How can you know when you’re avoiding both of these extremes? The concept of They Say/I Say can help you refine as well as support a working thesis. “I Say” can count as an original claim and still be grounded in the sources “They Say.” For example:
- Combine research findings from multiple sources to make a larger summary argument. You might find that none of the sources you’re working with specifically claim that early 20th century British literature was preoccupied with changing gender roles but that, together, their findings all point to that broader conclusion.
- Combine research findings from multiple sources to make a claim about their implications. You might review papers that explore various factors shaping voting behavior to argue that a particular voting-reform proposal will likely have positive impacts.
- Identify underlying areas of agreement.
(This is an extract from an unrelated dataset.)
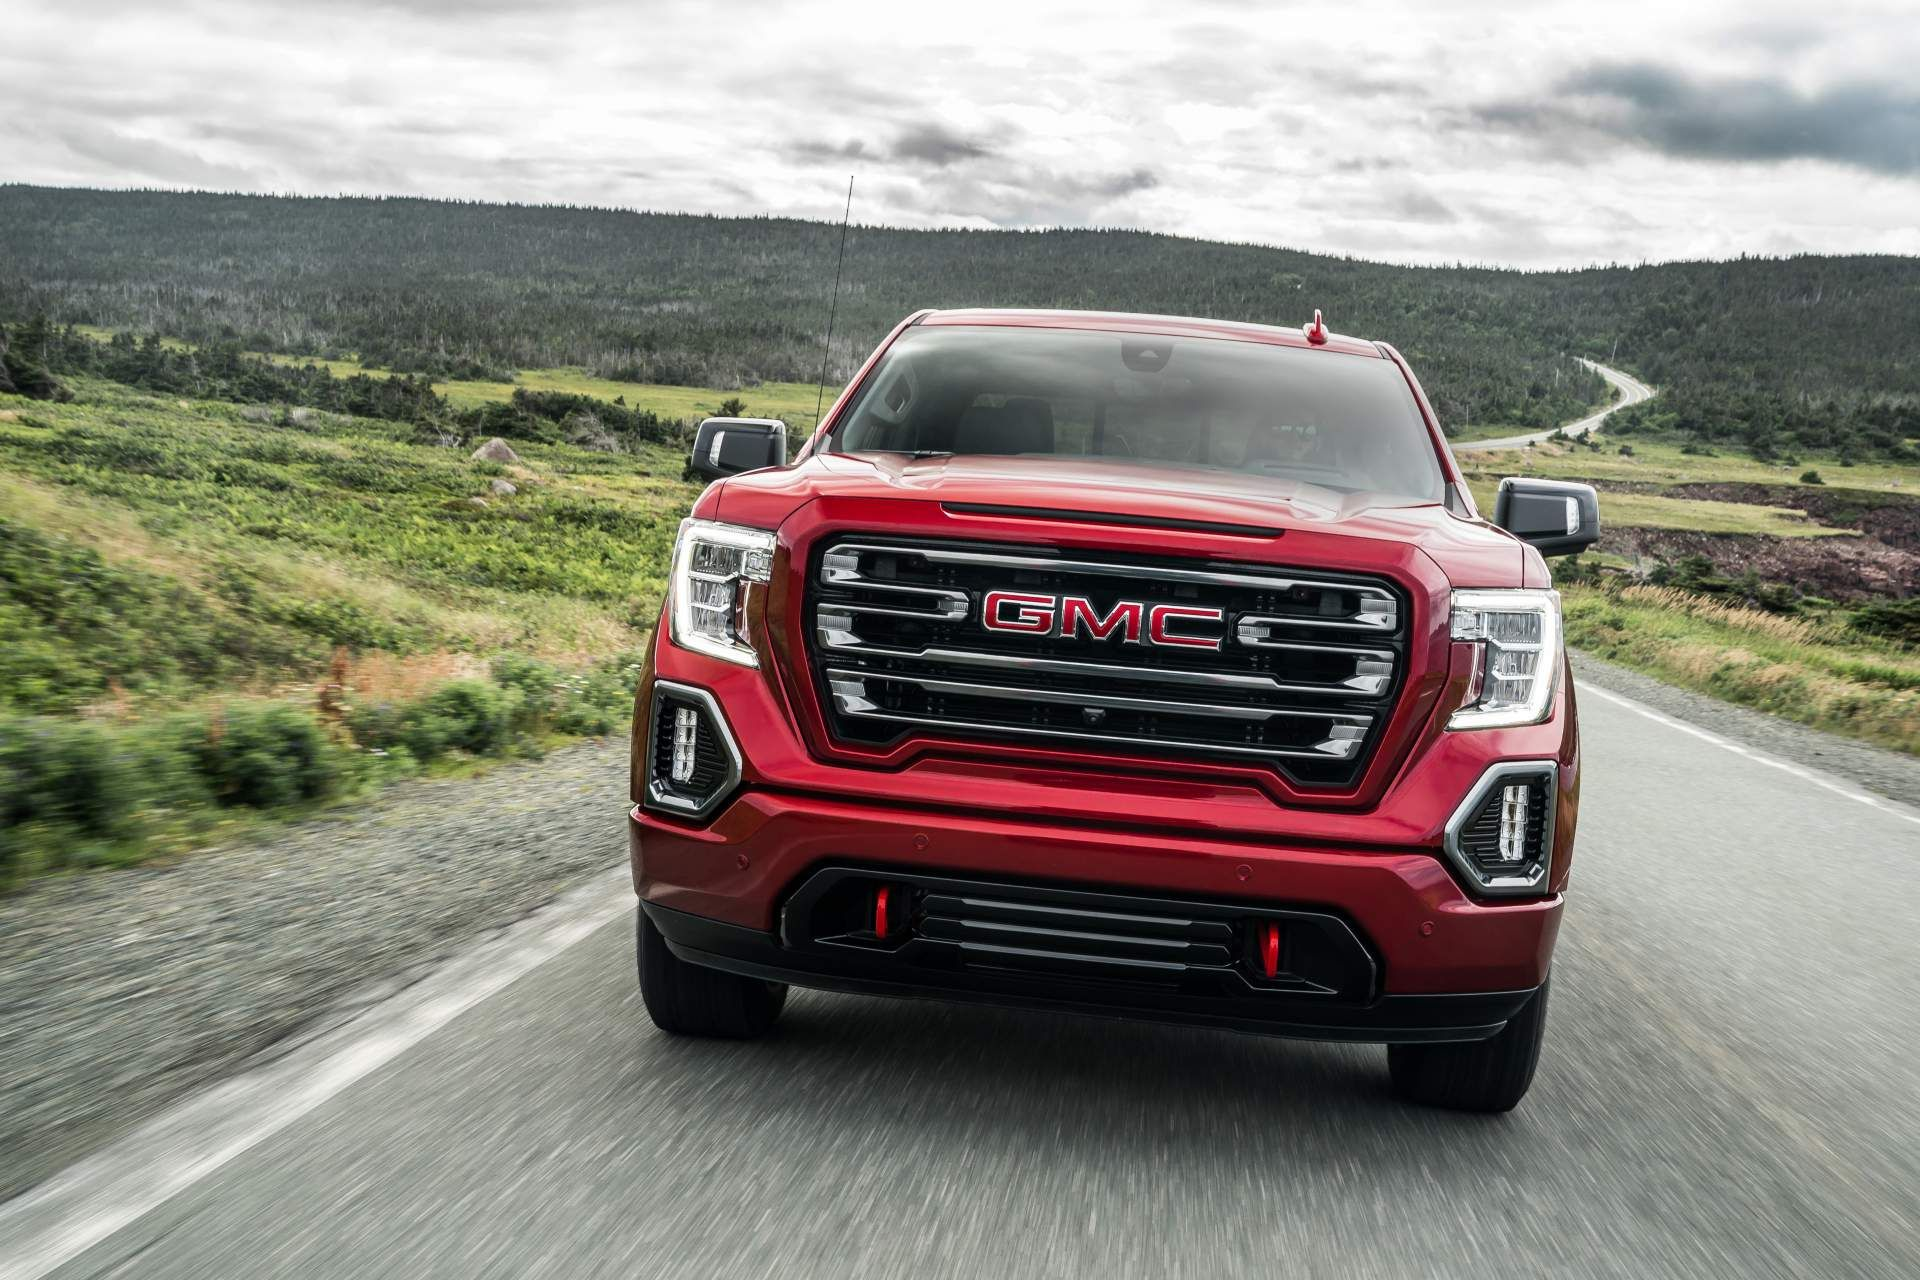 2019 Gmc Sierra At4 Off Road Performance Package Gains 435hp 6 2l V8 In 2020 Gmc Sierra Gmc Sierra 1500 American Pickup Trucks
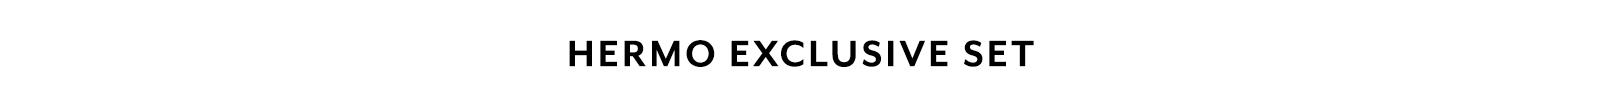 AP exclusive set title banner

You may argue that the literature on cancer and the literature on violence both describe the unrecognized importance of prevention and early intervention in order to claim that insights about one set of problems may be useful for the other.
- Identify underlying areas of disagreement. You may find that the controversies surrounding educational reform—and its debates about accountability, curricula, school funding—ultimately stem from different assumptions about the role of schools in society.
- Identify unanswered questions. Perhaps you review studies of the genetic and behavioral contributors to diabetes in order to highlight unknown factors and argue for more in-depth research on the role of the environment.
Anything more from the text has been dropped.